AVAILABLE RECORDS START
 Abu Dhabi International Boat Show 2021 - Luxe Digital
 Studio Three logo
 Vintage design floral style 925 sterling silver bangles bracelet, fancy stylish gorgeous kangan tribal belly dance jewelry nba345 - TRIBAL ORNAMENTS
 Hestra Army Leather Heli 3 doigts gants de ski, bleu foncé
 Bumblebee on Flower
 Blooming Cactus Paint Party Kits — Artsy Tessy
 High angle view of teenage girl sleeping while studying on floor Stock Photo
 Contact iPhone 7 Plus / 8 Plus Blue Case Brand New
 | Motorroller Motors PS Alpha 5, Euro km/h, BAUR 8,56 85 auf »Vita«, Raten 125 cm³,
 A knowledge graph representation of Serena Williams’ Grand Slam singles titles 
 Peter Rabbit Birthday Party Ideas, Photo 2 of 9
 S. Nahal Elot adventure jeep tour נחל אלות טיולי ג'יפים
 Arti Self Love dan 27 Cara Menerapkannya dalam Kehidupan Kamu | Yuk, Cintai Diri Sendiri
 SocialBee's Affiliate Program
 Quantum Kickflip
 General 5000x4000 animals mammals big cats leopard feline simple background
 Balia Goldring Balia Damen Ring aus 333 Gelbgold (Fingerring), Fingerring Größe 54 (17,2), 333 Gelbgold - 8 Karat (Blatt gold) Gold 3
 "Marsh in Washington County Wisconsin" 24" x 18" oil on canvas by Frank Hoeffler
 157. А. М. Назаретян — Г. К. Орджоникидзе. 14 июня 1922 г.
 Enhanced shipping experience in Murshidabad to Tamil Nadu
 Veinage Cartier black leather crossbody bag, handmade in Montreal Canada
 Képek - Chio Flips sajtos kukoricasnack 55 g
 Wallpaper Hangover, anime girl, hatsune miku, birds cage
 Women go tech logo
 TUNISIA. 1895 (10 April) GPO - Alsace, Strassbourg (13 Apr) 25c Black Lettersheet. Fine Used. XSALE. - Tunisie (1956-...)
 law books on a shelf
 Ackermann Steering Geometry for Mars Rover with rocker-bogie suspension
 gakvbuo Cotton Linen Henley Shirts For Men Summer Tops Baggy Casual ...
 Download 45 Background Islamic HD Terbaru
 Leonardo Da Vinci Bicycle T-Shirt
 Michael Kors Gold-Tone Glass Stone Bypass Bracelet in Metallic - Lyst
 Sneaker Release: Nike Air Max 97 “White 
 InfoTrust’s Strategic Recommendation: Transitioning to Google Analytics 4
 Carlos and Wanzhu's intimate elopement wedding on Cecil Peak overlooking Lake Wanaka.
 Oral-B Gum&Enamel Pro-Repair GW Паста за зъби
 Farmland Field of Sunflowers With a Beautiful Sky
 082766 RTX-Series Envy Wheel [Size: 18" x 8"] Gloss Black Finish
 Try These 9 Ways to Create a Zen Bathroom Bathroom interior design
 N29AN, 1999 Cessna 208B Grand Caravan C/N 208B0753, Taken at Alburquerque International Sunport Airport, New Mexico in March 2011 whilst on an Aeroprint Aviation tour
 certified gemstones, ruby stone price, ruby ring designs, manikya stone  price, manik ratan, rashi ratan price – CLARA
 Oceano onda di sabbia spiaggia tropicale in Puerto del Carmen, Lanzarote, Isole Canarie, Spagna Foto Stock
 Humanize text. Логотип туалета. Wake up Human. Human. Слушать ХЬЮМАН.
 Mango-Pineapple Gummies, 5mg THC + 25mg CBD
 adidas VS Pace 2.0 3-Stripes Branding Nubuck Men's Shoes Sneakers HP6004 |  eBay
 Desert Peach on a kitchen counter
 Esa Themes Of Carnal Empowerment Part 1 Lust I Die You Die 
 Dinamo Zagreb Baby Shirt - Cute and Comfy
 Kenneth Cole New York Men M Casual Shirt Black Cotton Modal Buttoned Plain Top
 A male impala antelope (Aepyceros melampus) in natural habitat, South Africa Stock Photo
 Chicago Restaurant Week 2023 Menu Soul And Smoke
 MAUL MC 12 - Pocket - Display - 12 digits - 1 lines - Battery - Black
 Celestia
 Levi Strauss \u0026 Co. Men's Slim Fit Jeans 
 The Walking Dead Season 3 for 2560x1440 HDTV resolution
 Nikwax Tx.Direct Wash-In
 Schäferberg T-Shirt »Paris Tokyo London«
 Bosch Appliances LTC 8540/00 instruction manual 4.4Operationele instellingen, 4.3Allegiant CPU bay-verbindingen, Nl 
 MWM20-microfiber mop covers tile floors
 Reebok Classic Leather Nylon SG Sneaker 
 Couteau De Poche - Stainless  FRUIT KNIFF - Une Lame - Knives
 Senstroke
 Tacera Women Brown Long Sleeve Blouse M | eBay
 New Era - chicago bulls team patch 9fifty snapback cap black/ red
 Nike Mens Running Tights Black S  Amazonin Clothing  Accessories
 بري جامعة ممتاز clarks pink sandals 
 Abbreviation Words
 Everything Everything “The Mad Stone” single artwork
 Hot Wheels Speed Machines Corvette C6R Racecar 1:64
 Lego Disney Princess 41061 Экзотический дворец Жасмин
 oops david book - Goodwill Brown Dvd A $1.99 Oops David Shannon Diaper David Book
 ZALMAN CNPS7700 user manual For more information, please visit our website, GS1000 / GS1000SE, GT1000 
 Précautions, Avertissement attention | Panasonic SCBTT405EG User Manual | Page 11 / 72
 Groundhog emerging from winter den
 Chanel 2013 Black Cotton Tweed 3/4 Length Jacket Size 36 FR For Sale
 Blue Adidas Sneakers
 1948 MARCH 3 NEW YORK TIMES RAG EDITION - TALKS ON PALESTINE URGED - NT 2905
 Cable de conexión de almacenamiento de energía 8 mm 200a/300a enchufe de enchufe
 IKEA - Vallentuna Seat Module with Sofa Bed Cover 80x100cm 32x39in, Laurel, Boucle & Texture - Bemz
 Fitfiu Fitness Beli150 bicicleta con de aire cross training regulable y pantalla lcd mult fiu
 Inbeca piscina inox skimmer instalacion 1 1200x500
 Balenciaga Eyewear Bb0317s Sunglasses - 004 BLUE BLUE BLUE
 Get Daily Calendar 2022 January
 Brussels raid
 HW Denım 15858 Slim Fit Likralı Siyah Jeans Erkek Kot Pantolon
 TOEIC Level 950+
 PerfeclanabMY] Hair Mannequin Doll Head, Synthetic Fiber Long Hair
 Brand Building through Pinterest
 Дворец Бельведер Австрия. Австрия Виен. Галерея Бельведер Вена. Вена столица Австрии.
AVAILABLE RECORDS END
* _INSTRUCTIONS FOR THE TASK_
The records above need to be written out once more, exactly.

* _SOLUTION FOR THIS TASK_
 Abu Dhabi International Boat Show 2021 - Luxe Digital
 Studio Three logo
 Vintage design floral style 925 sterling silver bangles bracelet, fancy stylish gorgeous kangan tribal belly dance jewelry nba345 - TRIBAL ORNAMENTS
 Hestra Army Leather Heli 3 doigts gants de ski, bleu foncé
 Bumblebee on Flower
 Blooming Cactus Paint Party Kits — Artsy Tessy
 High angle view of teenage girl sleeping while studying on floor Stock Photo
 Contact iPhone 7 Plus / 8 Plus Blue Case Brand New
 | Motorroller Motors PS Alpha 5, Euro km/h, BAUR 8,56 85 auf »Vita«, Raten 125 cm³,
 A knowledge graph representation of Serena Williams’ Grand Slam singles titles 
 Peter Rabbit Birthday Party Ideas, Photo 2 of 9
 S. Nahal Elot adventure jeep tour נחל אלות טיולי ג'יפים
 Arti Self Love dan 27 Cara Menerapkannya dalam Kehidupan Kamu | Yuk, Cintai Diri Sendiri
 SocialBee's Affiliate Program
 Quantum Kickflip
 General 5000x4000 animals mammals big cats leopard feline simple background
 Balia Goldring Balia Damen Ring aus 333 Gelbgold (Fingerring), Fingerring Größe 54 (17,2), 333 Gelbgold - 8 Karat (Blatt gold) Gold 3
 "Marsh in Washington County Wisconsin" 24" x 18" oil on canvas by Frank Hoeffler
 157. А. М. Назаретян — Г. К. Орджоникидзе. 14 июня 1922 г.
 Enhanced shipping experience in Murshidabad to Tamil Nadu
 Veinage Cartier black leather crossbody bag, handmade in Montreal Canada
 Képek - Chio Flips sajtos kukoricasnack 55 g
 Wallpaper Hangover, anime girl, hatsune miku, birds cage
 Women go tech logo
 TUNISIA. 1895 (10 April) GPO - Alsace, Strassbourg (13 Apr) 25c Black Lettersheet. Fine Used. XSALE. - Tunisie (1956-...)
 law books on a shelf
 Ackermann Steering Geometry for Mars Rover with rocker-bogie suspension
 gakvbuo Cotton Linen Henley Shirts For Men Summer Tops Baggy Casual ...
 Download 45 Background Islamic HD Terbaru
 Leonardo Da Vinci Bicycle T-Shirt
 Michael Kors Gold-Tone Glass Stone Bypass Bracelet in Metallic - Lyst
 Sneaker Release: Nike Air Max 97 “White 
 InfoTrust’s Strategic Recommendation: Transitioning to Google Analytics 4
 Carlos and Wanzhu's intimate elopement wedding on Cecil Peak overlooking Lake Wanaka.
 Oral-B Gum&Enamel Pro-Repair GW Паста за зъби
 Farmland Field of Sunflowers With a Beautiful Sky
 082766 RTX-Series Envy Wheel [Size: 18" x 8"] Gloss Black Finish
 Try These 9 Ways to Create a Zen Bathroom Bathroom interior design
 N29AN, 1999 Cessna 208B Grand Caravan C/N 208B0753, Taken at Alburquerque International Sunport Airport, New Mexico in March 2011 whilst on an Aeroprint Aviation tour
 certified gemstones, ruby stone price, ruby ring designs, manikya stone  price, manik ratan, rashi ratan price – CLARA
 Oceano onda di sabbia spiaggia tropicale in Puerto del Carmen, Lanzarote, Isole Canarie, Spagna Foto Stock
 Humanize text. Логотип туалета. Wake up Human. Human. Слушать ХЬЮМАН.
 Mango-Pineapple Gummies, 5mg THC + 25mg CBD
 adidas VS Pace 2.0 3-Stripes Branding Nubuck Men's Shoes Sneakers HP6004 |  eBay
 Desert Peach on a kitchen counter
 Esa Themes Of Carnal Empowerment Part 1 Lust I Die You Die 
 Dinamo Zagreb Baby Shirt - Cute and Comfy
 Kenneth Cole New York Men M Casual Shirt Black Cotton Modal Buttoned Plain Top
 A male impala antelope (Aepyceros melampus) in natural habitat, South Africa Stock Photo
 Chicago Restaurant Week 2023 Menu Soul And Smoke
 MAUL MC 12 - Pocket - Display - 12 digits - 1 lines - Battery - Black
 Celestia
 Levi Strauss \u0026 Co. Men's Slim Fit Jeans 
 The Walking Dead Season 3 for 2560x1440 HDTV resolution
 Nikwax Tx.Direct Wash-In
 Schäferberg T-Shirt »Paris Tokyo London«
 Bosch Appliances LTC 8540/00 instruction manual 4.4Operationele instellingen, 4.3Allegiant CPU bay-verbindingen, Nl 
 MWM20-microfiber mop covers tile floors
 Reebok Classic Leather Nylon SG Sneaker 
 Couteau De Poche - Stainless  FRUIT KNIFF - Une Lame - Knives
 Senstroke
 Tacera Women Brown Long Sleeve Blouse M | eBay
 New Era - chicago bulls team patch 9fifty snapback cap black/ red
 Nike Mens Running Tights Black S  Amazonin Clothing  Accessories
 بري جامعة ممتاز clarks pink sandals 
 Abbreviation Words
 Everything Everything “The Mad Stone” single artwork
 Hot Wheels Speed Machines Corvette C6R Racecar 1:64
 Lego Disney Princess 41061 Экзотический дворец Жасмин
 oops david book - Goodwill Brown Dvd A $1.99 Oops David Shannon Diaper David Book
 ZALMAN CNPS7700 user manual For more information, please visit our website, GS1000 / GS1000SE, GT1000 
 Précautions, Avertissement attention | Panasonic SCBTT405EG User Manual | Page 11 / 72
 Groundhog emerging from winter den
 Chanel 2013 Black Cotton Tweed 3/4 Length Jacket Size 36 FR For Sale
 Blue Adidas Sneakers
 1948 MARCH 3 NEW YORK TIMES RAG EDITION - TALKS ON PALESTINE URGED - NT 2905
 Cable de conexión de almacenamiento de energía 8 mm 200a/300a enchufe de enchufe
 IKEA - Vallentuna Seat Module with Sofa Bed Cover 80x100cm 32x39in, Laurel, Boucle & Texture - Bemz
 Fitfiu Fitness Beli150 bicicleta con de aire cross training regulable y pantalla lcd mult fiu
 Inbeca piscina inox skimmer instalacion 1 1200x500
 Balenciaga Eyewear Bb0317s Sunglasses - 004 BLUE BLUE BLUE
 Get Daily Calendar 2022 January
 Brussels raid
 HW Denım 15858 Slim Fit Likralı Siyah Jeans Erkek Kot Pantolon
 TOEIC Level 950+
 PerfeclanabMY] Hair Mannequin Doll Head, Synthetic Fiber Long Hair
 Brand Building through Pinterest
 Дворец Бельведер Австрия. Австрия Виен. Галерея Бельведер Вена. Вена столица Австрии.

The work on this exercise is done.